Similarly, Facebook must also manage 50 billion shots from users who upload to YouTube, or Google to save most of the weekly query and the user's video and many types of other related information.
Also under the SAS group, we have a few interesting statistics about Big Data as follows:
The RFID system (a form of short-range connections, such as the NFC but has more range and is also used in the opening tag of the hotel) to create the amount of data is greater than 1,000 times compared to traditional VAC code
Within 4 hours of the day "Black Friday" in 2012, the Walmart store has to handle more than 10 million cash transaction, i.e. account 5,000 interfaces per second.
UPS courier service receives approximately 39.5 million requests from his customers every day
VISA service handles more than 172.8 million card transactions only within a day.
On Twitter there is 500 million new tweet stream every day, Facebook had 1.15 billion members created a huge tangle of text data, files, videos ...
3. The technology used in Big Data
Big Data is growing demand large that Software AG, Oracle, IBM, Microsoft, SAP, EMC, HP, and Dell has spent more than 15 billion DOLLARS to companies specializing in data analysis and management. In 2010, the Big Industry Data worth more than 100 billion dollars and is growing fast with a speed of 10% per year, twice the total software industry in General.

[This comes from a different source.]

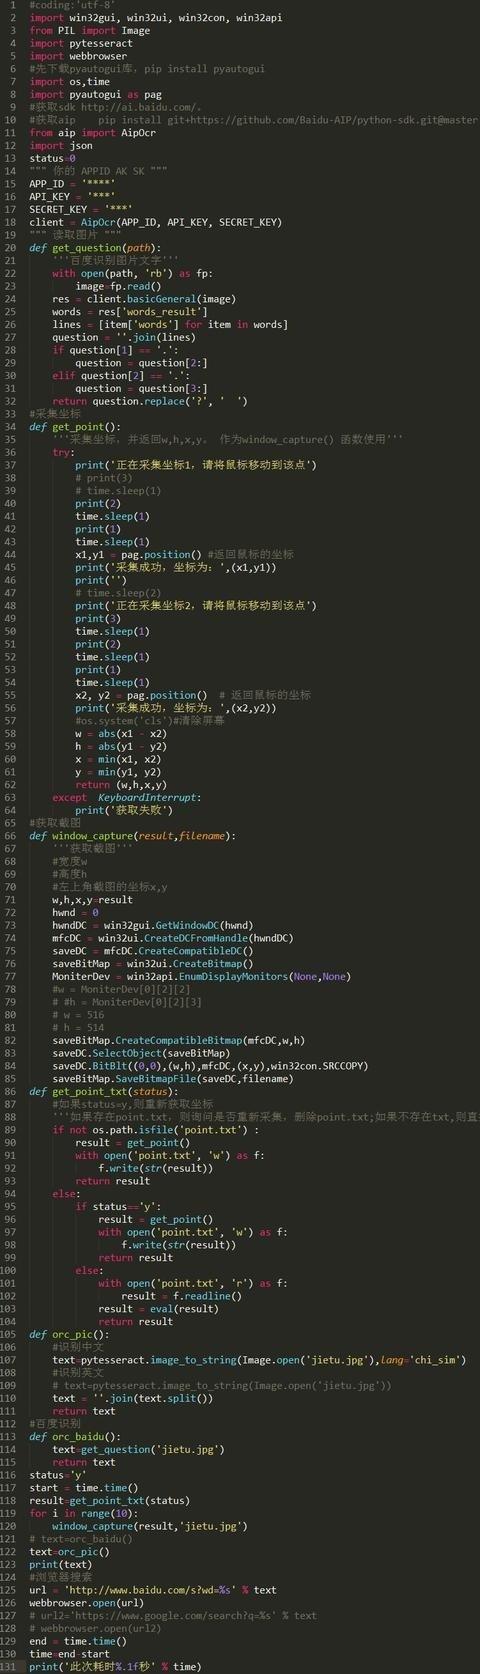 用python实现自动搜索答题,上网课轻松不挂科!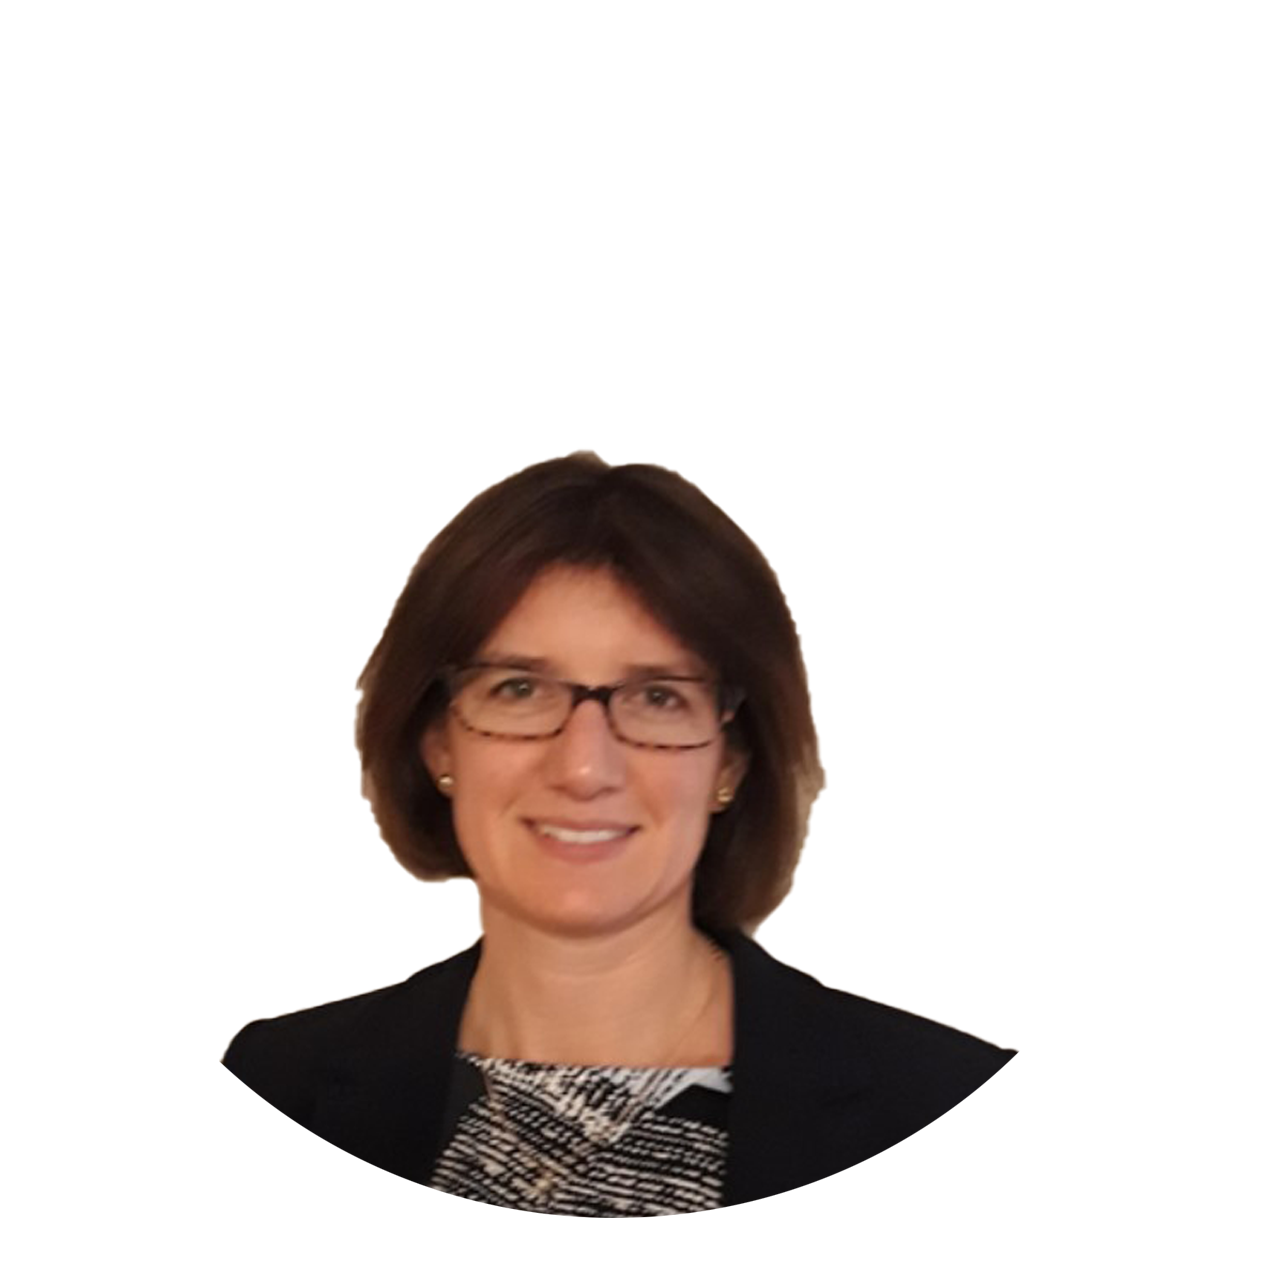 Melanie Bryce   Oxfordshire Programme Director, SSEN

As said above, Big Data need to harness information technologies is very special because of the huge and complex nature of it. In 2011, the Group proposed the McKinsey analysis technology that can be used with Big Data include crowdsourcing (leverage resources from multiple computing devices worldwide to jointly handle the data), the gene and genetic algorithms, machine learning methods (note only the system has the ability to learn from the data, a branch of artificial intelligence), natural language processing (like Siri or Google Voice Search, but more advanced), signal processing, simulation, time series analysis, modeling, strong server combined together. ... This technique is very complicated so we're not going to say about them.